As a bottom-up operation, crystallization can control what version of it is manufactured (hydrate, solvate, salt, cocrystal and polymorphic form), the impurity levels it contains, and the particle size distribution.

The active pharmaceutical ingredient must possess proper chemical and physical attributes to assure that it should deliver the intended pharmacological effect.

The chemical attributes describe the appropriate purity and impurity limits. Impurity specifications are established from clinical toxicological studies and are also based on reasonable minimum expected from regulatory authorities and consumers.

The physical attributes describe the necessary characteristics for reliable pharmaceutical processing into a final medical product.

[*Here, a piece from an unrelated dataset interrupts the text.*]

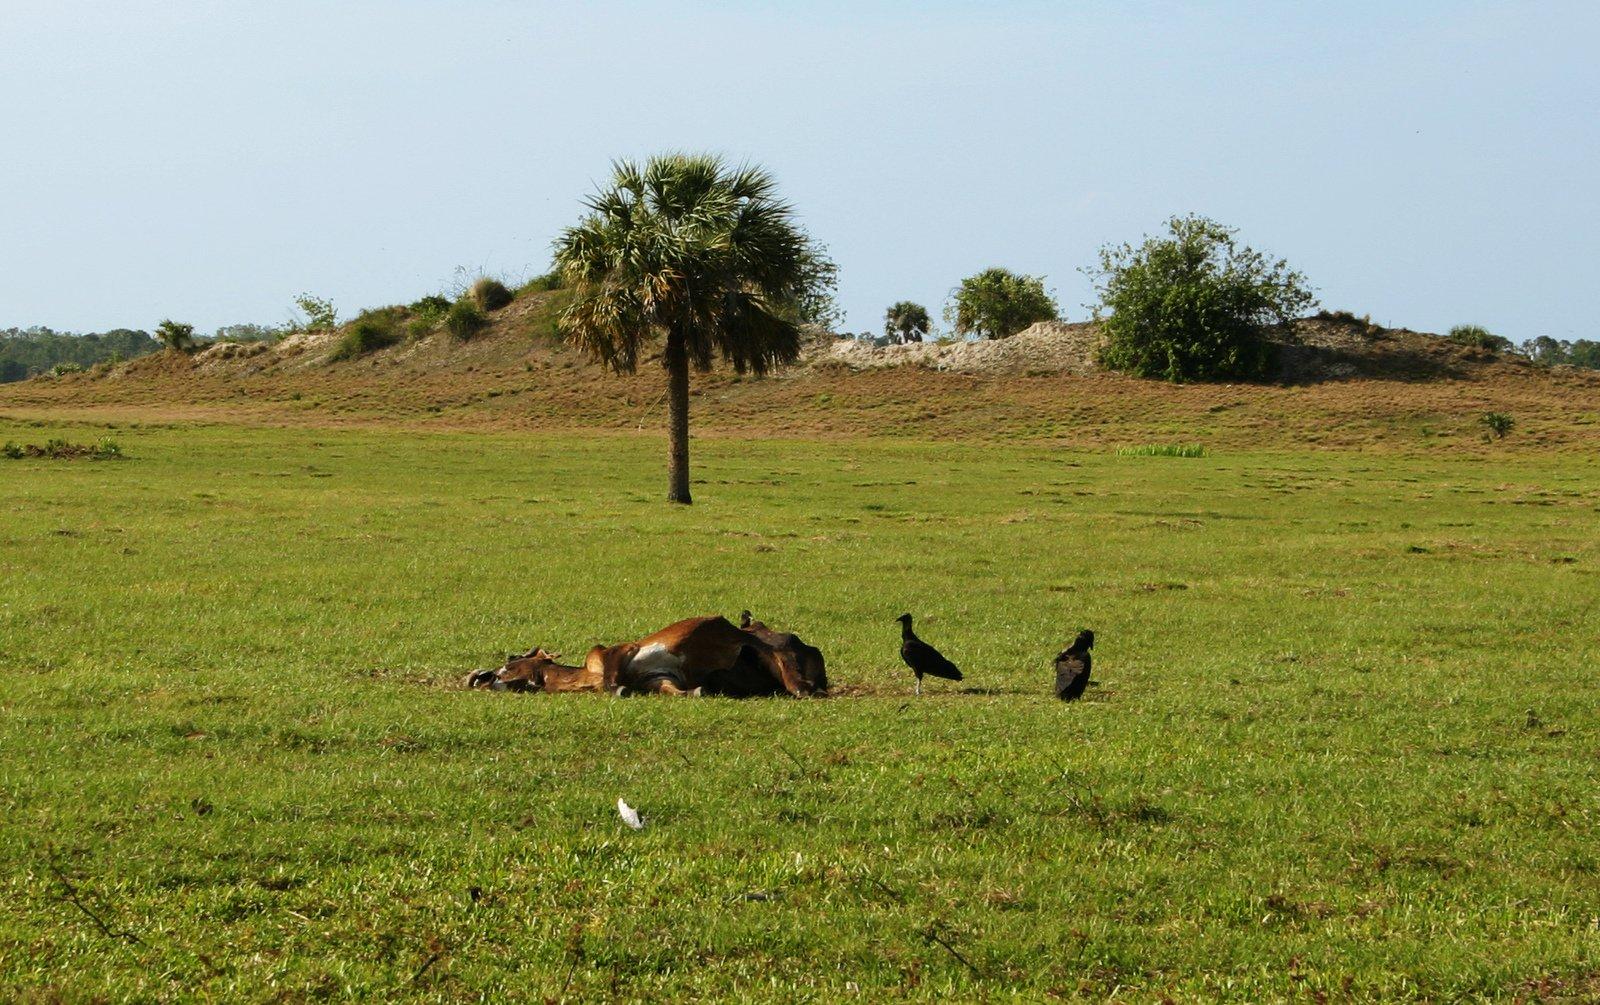 Vultures abound

These attributes are determined by empirical evidence from formulation trials to produce uniform and a stable product of adequate bioavailability.

Controlled crystal growth is a function of active pharmaceutical ingredient solution saturation and crystal formation, which can be controlled by using a seed of the active pharmaceutical ingredient of the desired form or version.

There are a number of complex parameters that affect the properties of the final crystalline solid, including nucleation rate, growth rate and growth mechanism, while the expertise of solid-state scientists is vital to understand how the concentration of the active pharmaceutical ingredients in solution, temperature and cooling profiles affect the process, yield, and quality of the isolated active pharmaceutical ingredient.